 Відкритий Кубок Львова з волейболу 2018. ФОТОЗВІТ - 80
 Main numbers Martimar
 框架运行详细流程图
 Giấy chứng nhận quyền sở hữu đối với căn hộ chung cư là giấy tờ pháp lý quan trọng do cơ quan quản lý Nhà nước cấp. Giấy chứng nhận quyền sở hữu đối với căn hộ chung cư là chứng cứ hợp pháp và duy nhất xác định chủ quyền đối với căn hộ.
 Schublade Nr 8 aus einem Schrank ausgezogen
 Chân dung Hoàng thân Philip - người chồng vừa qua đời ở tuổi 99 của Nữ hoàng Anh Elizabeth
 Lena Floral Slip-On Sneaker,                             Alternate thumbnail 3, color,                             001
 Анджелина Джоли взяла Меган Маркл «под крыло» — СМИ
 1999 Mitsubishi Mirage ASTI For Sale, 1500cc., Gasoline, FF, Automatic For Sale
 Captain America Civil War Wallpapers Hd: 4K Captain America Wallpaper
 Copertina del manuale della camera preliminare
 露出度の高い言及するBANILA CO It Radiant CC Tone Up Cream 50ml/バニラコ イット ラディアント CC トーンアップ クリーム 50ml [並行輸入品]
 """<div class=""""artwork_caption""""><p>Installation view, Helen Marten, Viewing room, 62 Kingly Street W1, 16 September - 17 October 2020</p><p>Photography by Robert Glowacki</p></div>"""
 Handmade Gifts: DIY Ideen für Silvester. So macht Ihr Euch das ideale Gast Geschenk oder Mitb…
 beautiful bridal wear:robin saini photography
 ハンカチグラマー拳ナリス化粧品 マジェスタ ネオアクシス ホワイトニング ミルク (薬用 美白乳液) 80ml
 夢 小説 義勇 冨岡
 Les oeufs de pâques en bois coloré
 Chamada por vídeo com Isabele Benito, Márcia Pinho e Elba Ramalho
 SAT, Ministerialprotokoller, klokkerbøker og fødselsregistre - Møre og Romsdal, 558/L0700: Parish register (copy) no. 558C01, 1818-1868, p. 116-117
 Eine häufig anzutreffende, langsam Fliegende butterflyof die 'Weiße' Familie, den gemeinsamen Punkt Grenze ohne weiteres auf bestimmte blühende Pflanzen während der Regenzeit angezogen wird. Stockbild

Directions for this task — Could you restate word for word the lines above, from the one that contains "ハンカチグラマー拳ナリス化粧品 マジェスタ ネオアクシス" through the one that contains "Chamada por vídeo", and no others?

Answer to the problem —
 ハンカチグラマー拳ナリス化粧品 マジェスタ ネオアクシス ホワイトニング ミルク (薬用 美白乳液) 80ml
 夢 小説 義勇 冨岡
 Les oeufs de pâques en bois coloré
 Chamada por vídeo com Isabele Benito, Márcia Pinho e Elba Ramalho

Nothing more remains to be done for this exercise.